В таких стесненных обстоятельствах мы были поражены и опечалены невероятным известием. Говорили, будто герцог Брауншвейгский послал Дюмурье свой злосчастный манифест, и Дюмурье, изумленный и возмущенный его содержанием, заявил о немедленном прекращении перемирия и возобновлении боевых действий…».
Дюмурье, если верить его запискам, рассчитывал на восстановление конституционной монархии. Он решился дать сражение австрийцам и потом оружие свое против конвента. 12 марта 1793 года он послал Конвенту письмо, упрекая Францию в том, что она присоединила Бельгию и хотела ее разорить, введя ассигнации и продажу национальных имуществ.
Шесть дней позже он атаковал австрийцев при Неервинде, дал себя разбить, а 22 марта вступил в прямые переговоры с австрийцами. Изменники-генералы обязывались очистить Голландию без сражения и идти на Париж, восстанавливая там конституционную монархию. В случае надобности их обязывались поддержать австрийцы, которые должны были занять в виде гарантии одну из пограничных крепостей Конде.
Историк Альфонс де Ламартин, современник тех событий, писал: «Однажды, терзаемый мрачными предчувствиями, Дюмурье раскрыл один из томов Плутарха, и взор его упал на слова в биографии Клеомена: «Когда положение вещей перестает быть достойным, пора увидеть бесчестие своих действий и остановиться». Слова эти, столь соответствовавшие состоянию его души, склонили его на сторону измены».
Депутаты Национального конвента пытались склонить Дюмурье к повиновению, но безуспешно. Комиссары, присланные к нему конвентом, упрекнули его в том числе и в том, что он вернул церквям серебряную утварь.

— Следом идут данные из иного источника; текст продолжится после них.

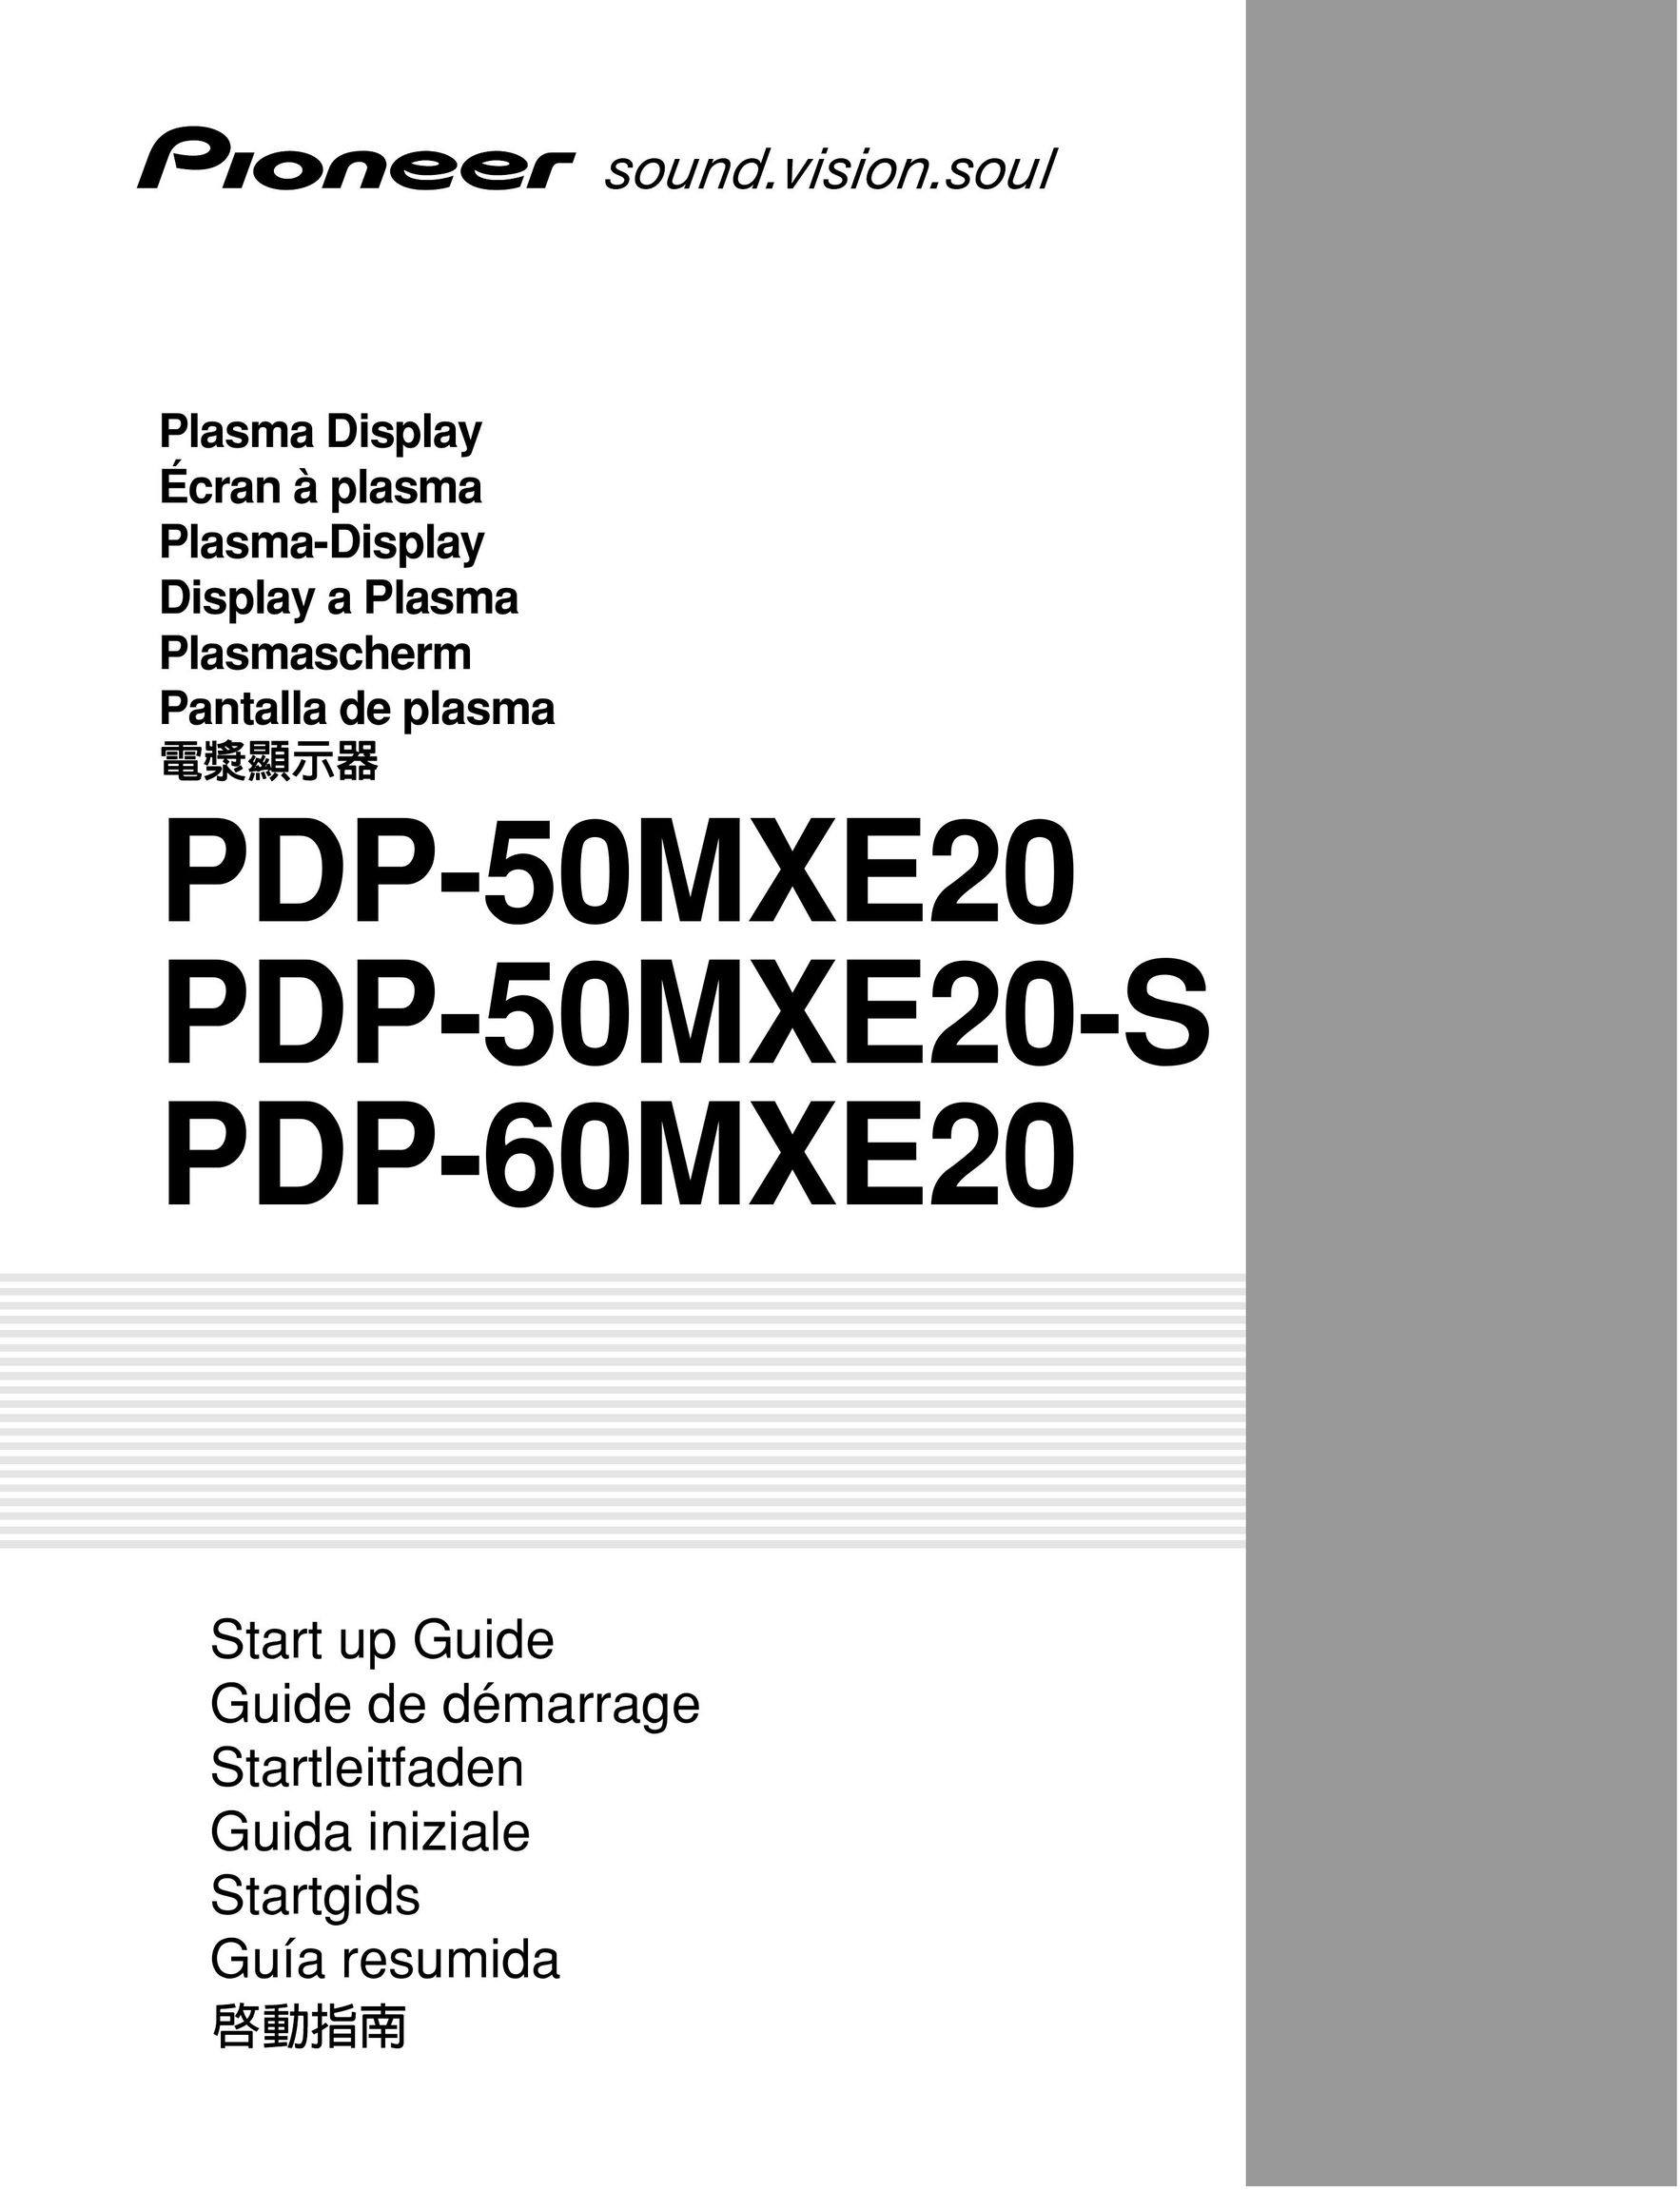 Pioneer PDP-50MXE20 Projector User Manual
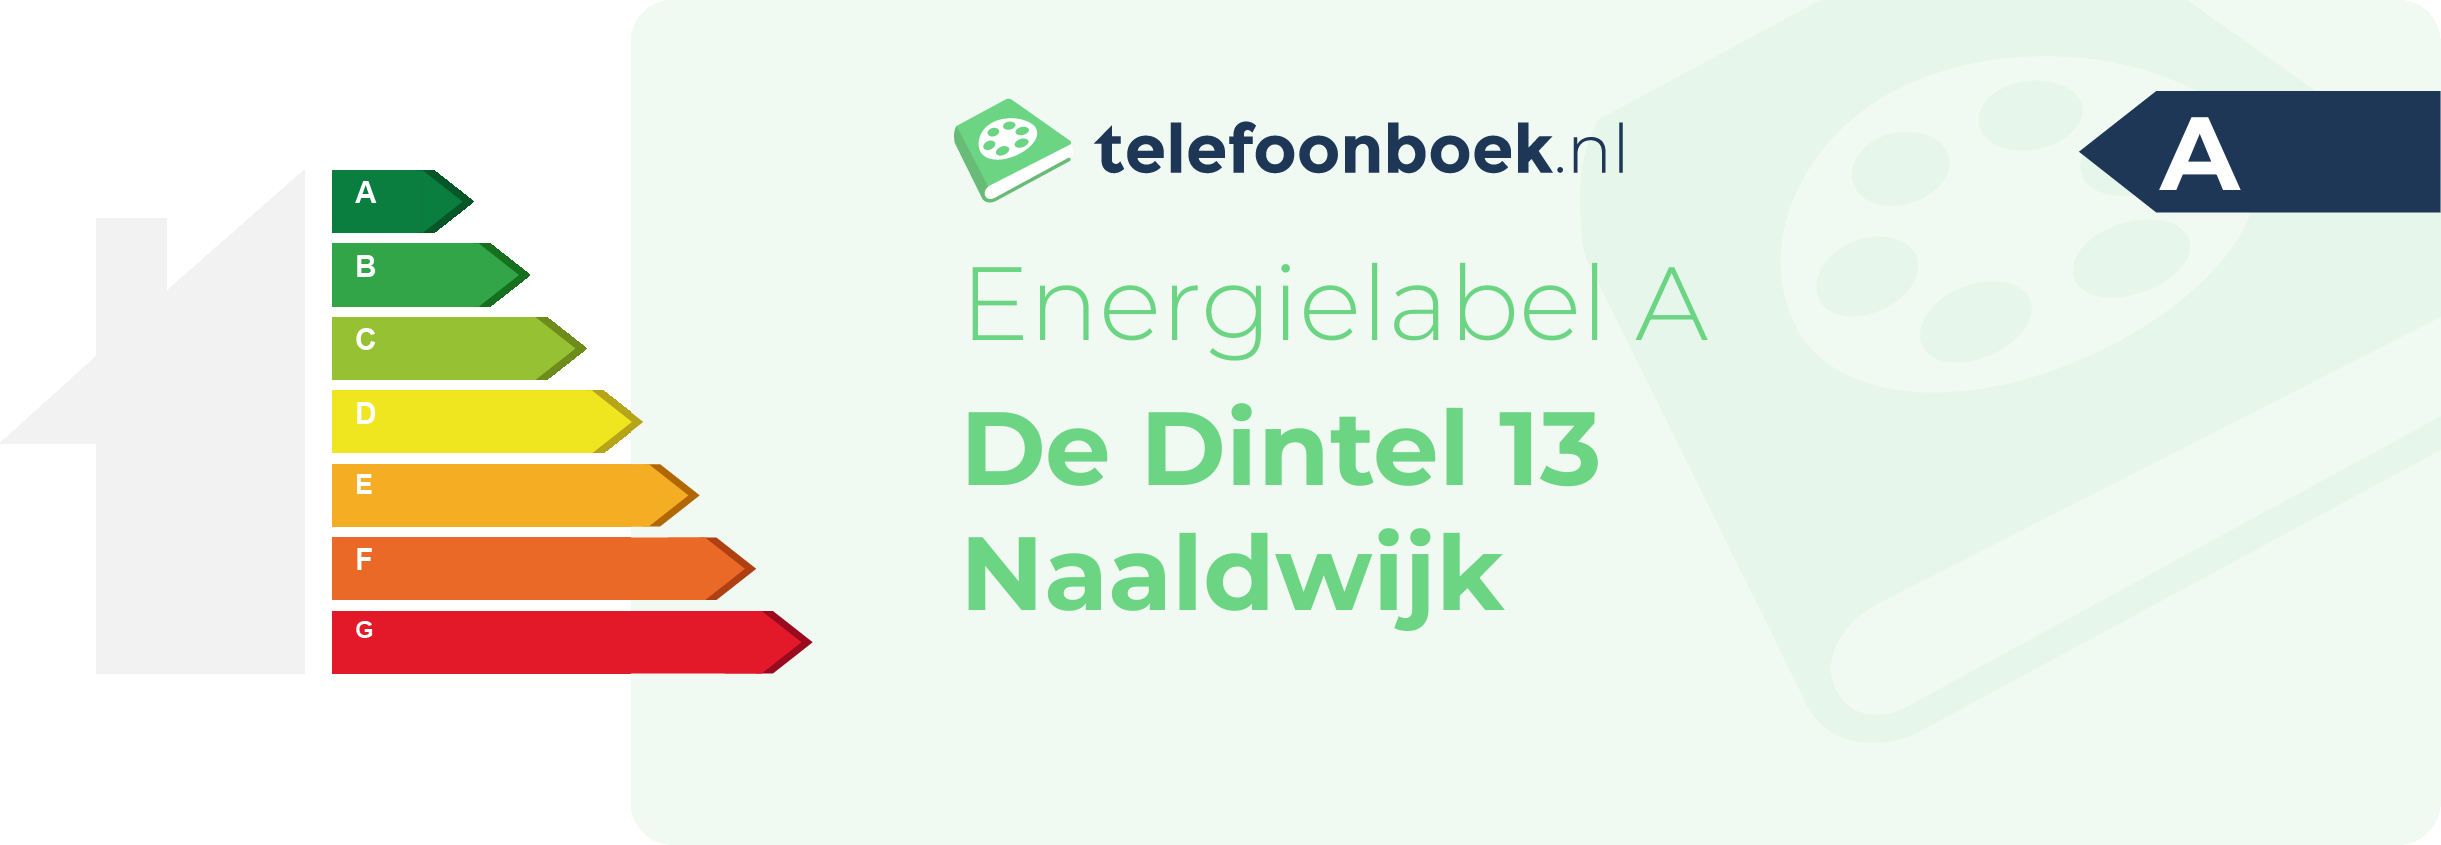 Energielabel De Dintel 13 Naaldwijk

«Подите и посмотрите в бельгийских соборах на дароносицы, опрокинутые на землю и разбросанные по церковным плитам, на разрушенные алтари и исповедальни, на разодранные образа! – воскликнул в ответ Дюмурье. – Если Конвент одобряет такие преступления, если они не оскорбляют его и он не карает за них, тем хуже для него и для моего несчастного отечества. Знайте, что если бы потребовалось совершить только одно преступление, чтобы спасти его, то я не совершил бы и его. Такое положение вещей позорит Францию».
«Генерал, – возразил ему один из комиссаров, – вас обвиняют в том, что вы стремитесь сыграть роль Цезаря; если бы я был уверен в этом, то взял бы на себя роль Брута». Заметив, что слишком явно выдал свои намерения, Дюмурье сказал с иронией: «Дорогой Камю, я не Цезарь, а вы не Брут, и потому ваша угроза служит мне порукой в моем долголетии».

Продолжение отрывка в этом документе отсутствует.